No baby, I’m not dumping you. I’m just rebranding myself as your ex.
THIS is the sort of creativity we need at met galas and runways. I’m obsessed
I watch football on a dodgy box but follow the match on twitter. There is about a 1 minute delay with the dodgy box so I give my prediction to my son as to who will score next. My record is 100% and my son thinks I’m a genius.
if you ate peanuts out of those bowls on bars in the 80’s or 90’s you’re a little gross for doing that but you’re also immune to pretty much every virus or disease ever
[landlord showing new tenant around]
“No smoking allowed”
“How about pets?”
“That’s fine”
[dog walks in and lights up]
“We’ll take it”
me: anything interesting happen today?
my 8yo: I finally got a booger out of my nose that’s been there since I was 5.

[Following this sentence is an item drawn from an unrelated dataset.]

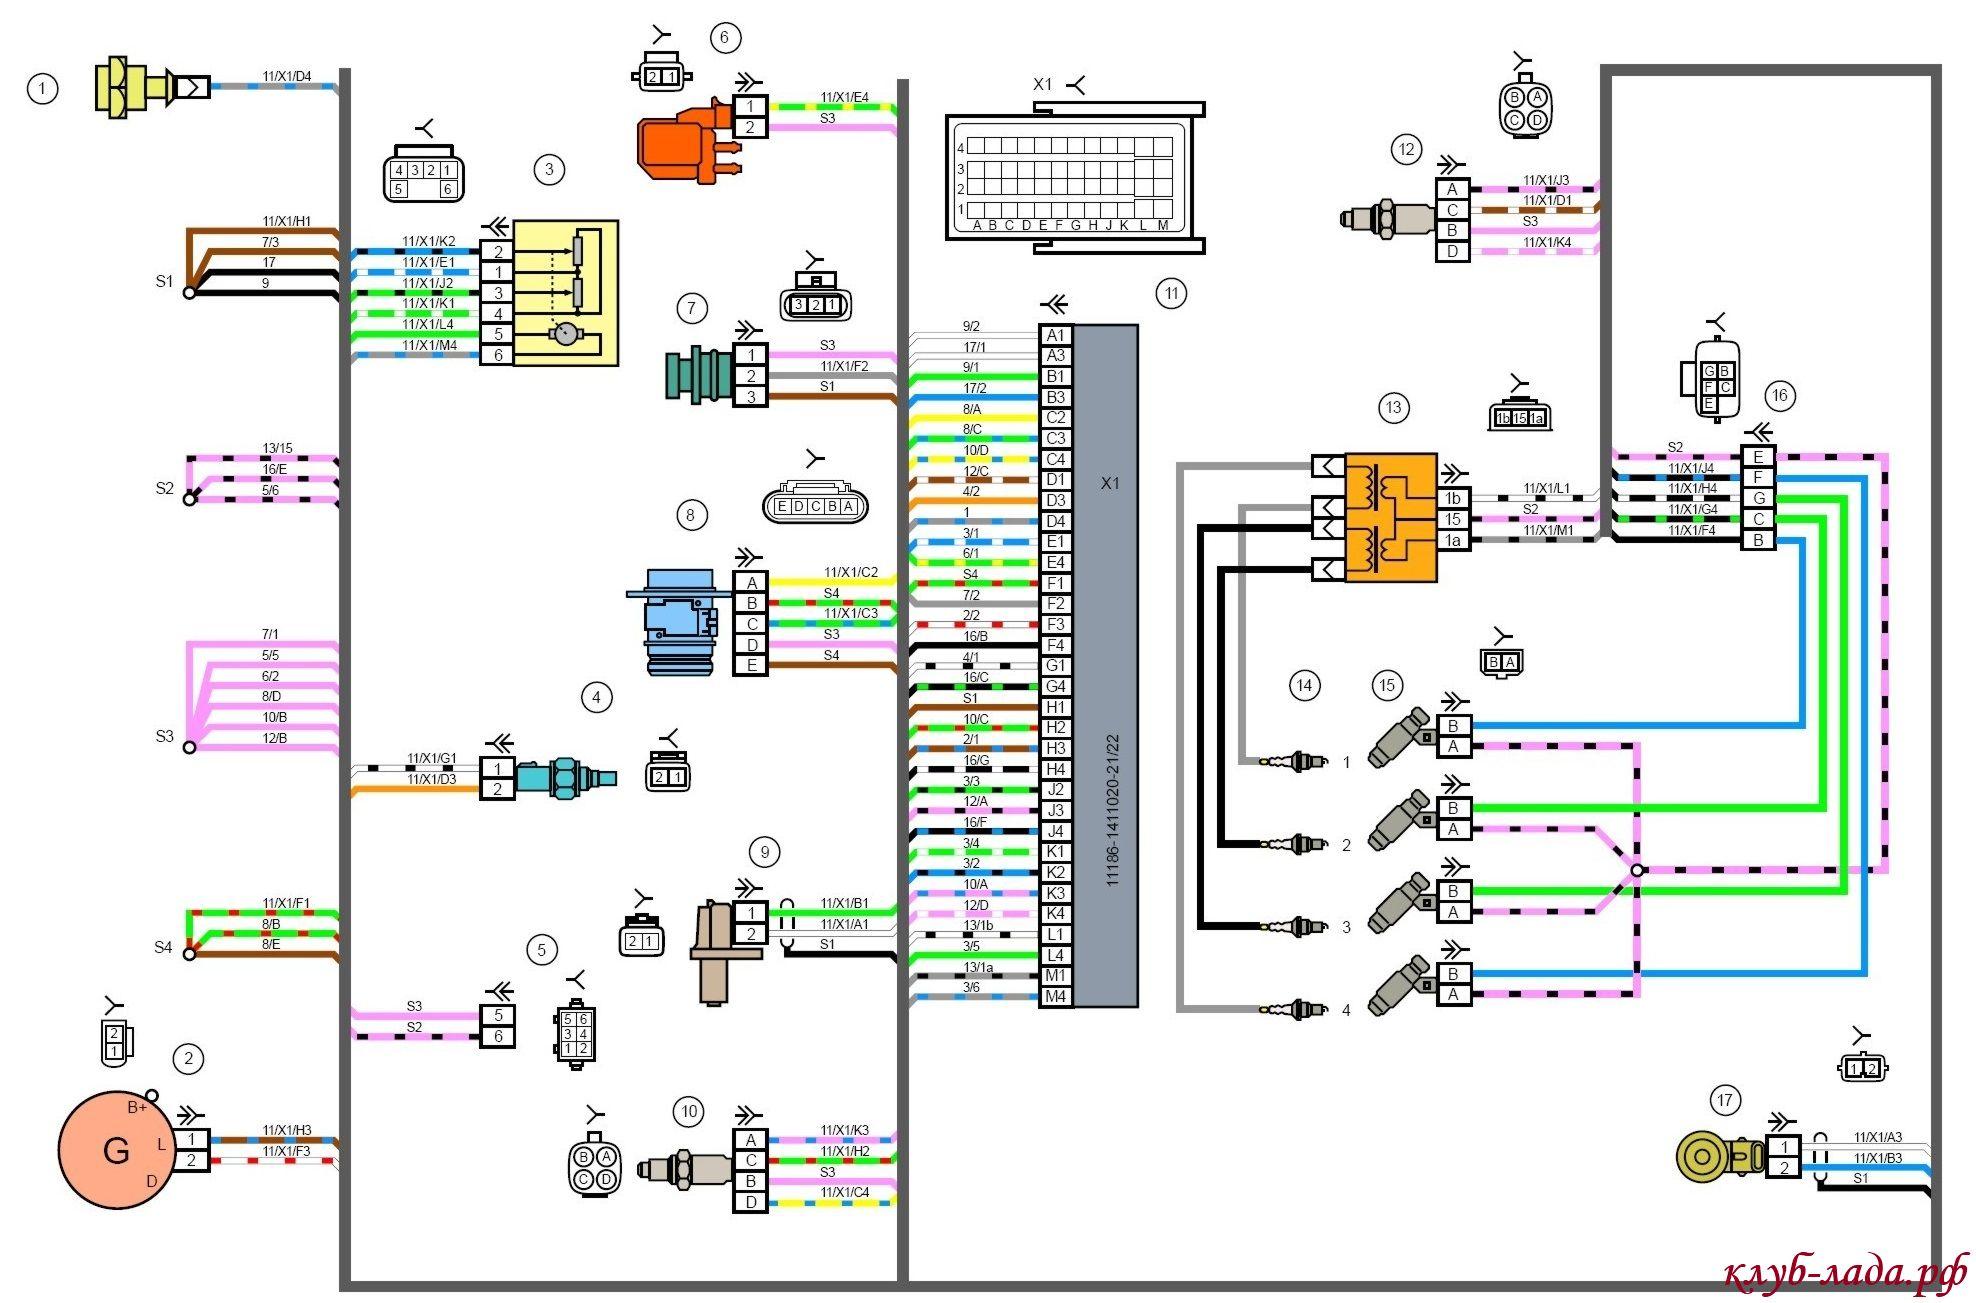 Общая схема электрооборудования ваз 2190 лада гранта.

My girlfriend told me I was getting sex today. Oops. I better not jinx it.
*knocks on morning wood*
My son is practicing his French horn and I love the arts, I was so excited for my kids to love them, but wow he’s pretty bad.
I’ve got something stuck in my tooth, but instead of flossing I think I will just drive myself nuts all day by trying and failing to get it out with my tongue.
I once worked with a girl named Brittanica…she was a bit aloof though I didn’t really know how to read her
During a calendar lesson today in first grade…
Me: Who can tell us what season of the year it will be this Saturday? What season comes after summer?
6yo boy: (completely serious) Football season.
Always remember to look for the end of the extension cord you left in the yard before taking a piss.
My house is clean so please don’t eat or drink or come by or let my child come home.
Sorry pregnant ladies, all of your 3D ultrasounds look like Gollum in an Ikea lampshade.